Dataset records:
<<<<
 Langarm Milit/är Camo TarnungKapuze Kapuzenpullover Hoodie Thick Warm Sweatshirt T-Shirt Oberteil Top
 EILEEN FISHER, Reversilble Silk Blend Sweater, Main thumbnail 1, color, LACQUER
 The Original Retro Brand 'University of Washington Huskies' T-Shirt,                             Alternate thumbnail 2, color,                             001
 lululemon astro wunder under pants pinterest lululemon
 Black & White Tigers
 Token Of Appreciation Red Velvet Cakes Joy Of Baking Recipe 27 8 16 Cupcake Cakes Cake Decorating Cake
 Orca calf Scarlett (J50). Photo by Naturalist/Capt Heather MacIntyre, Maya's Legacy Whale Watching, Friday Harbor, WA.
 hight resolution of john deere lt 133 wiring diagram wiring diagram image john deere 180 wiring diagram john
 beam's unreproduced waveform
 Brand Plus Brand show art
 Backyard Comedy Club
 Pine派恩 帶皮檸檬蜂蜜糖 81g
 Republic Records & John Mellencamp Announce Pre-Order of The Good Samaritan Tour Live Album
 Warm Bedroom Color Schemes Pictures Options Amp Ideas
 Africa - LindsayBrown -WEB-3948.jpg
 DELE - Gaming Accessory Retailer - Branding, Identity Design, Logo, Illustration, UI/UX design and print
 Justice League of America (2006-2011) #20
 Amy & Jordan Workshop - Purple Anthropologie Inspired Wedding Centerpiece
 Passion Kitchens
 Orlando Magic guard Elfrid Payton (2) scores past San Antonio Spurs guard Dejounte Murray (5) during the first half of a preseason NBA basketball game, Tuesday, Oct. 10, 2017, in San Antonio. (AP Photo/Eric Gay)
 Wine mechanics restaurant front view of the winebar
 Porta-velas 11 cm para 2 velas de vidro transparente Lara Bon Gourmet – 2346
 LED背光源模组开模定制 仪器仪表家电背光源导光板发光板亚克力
>>>>
• HOW TO COMPLETE THIS TASK
Take the entries and print them exactly. Keep every line.

• REPLY TO THE TASK
 Langarm Milit/är Camo TarnungKapuze Kapuzenpullover Hoodie Thick Warm Sweatshirt T-Shirt Oberteil Top
 EILEEN FISHER, Reversilble Silk Blend Sweater, Main thumbnail 1, color, LACQUER
 The Original Retro Brand 'University of Washington Huskies' T-Shirt,                             Alternate thumbnail 2, color,                             001
 lululemon astro wunder under pants pinterest lululemon
 Black & White Tigers
 Token Of Appreciation Red Velvet Cakes Joy Of Baking Recipe 27 8 16 Cupcake Cakes Cake Decorating Cake
 Orca calf Scarlett (J50). Photo by Naturalist/Capt Heather MacIntyre, Maya's Legacy Whale Watching, Friday Harbor, WA.
 hight resolution of john deere lt 133 wiring diagram wiring diagram image john deere 180 wiring diagram john
 beam's unreproduced waveform
 Brand Plus Brand show art
 Backyard Comedy Club
 Pine派恩 帶皮檸檬蜂蜜糖 81g
 Republic Records & John Mellencamp Announce Pre-Order of The Good Samaritan Tour Live Album
 Warm Bedroom Color Schemes Pictures Options Amp Ideas
 Africa - LindsayBrown -WEB-3948.jpg
 DELE - Gaming Accessory Retailer - Branding, Identity Design, Logo, Illustration, UI/UX design and print
 Justice League of America (2006-2011) #20
 Amy & Jordan Workshop - Purple Anthropologie Inspired Wedding Centerpiece
 Passion Kitchens
 Orlando Magic guard Elfrid Payton (2) scores past San Antonio Spurs guard Dejounte Murray (5) during the first half of a preseason NBA basketball game, Tuesday, Oct. 10, 2017, in San Antonio. (AP Photo/Eric Gay)
 Wine mechanics restaurant front view of the winebar
 Porta-velas 11 cm para 2 velas de vidro transparente Lara Bon Gourmet – 2346
 LED背光源模组开模定制 仪器仪表家电背光源导光板发光板亚克力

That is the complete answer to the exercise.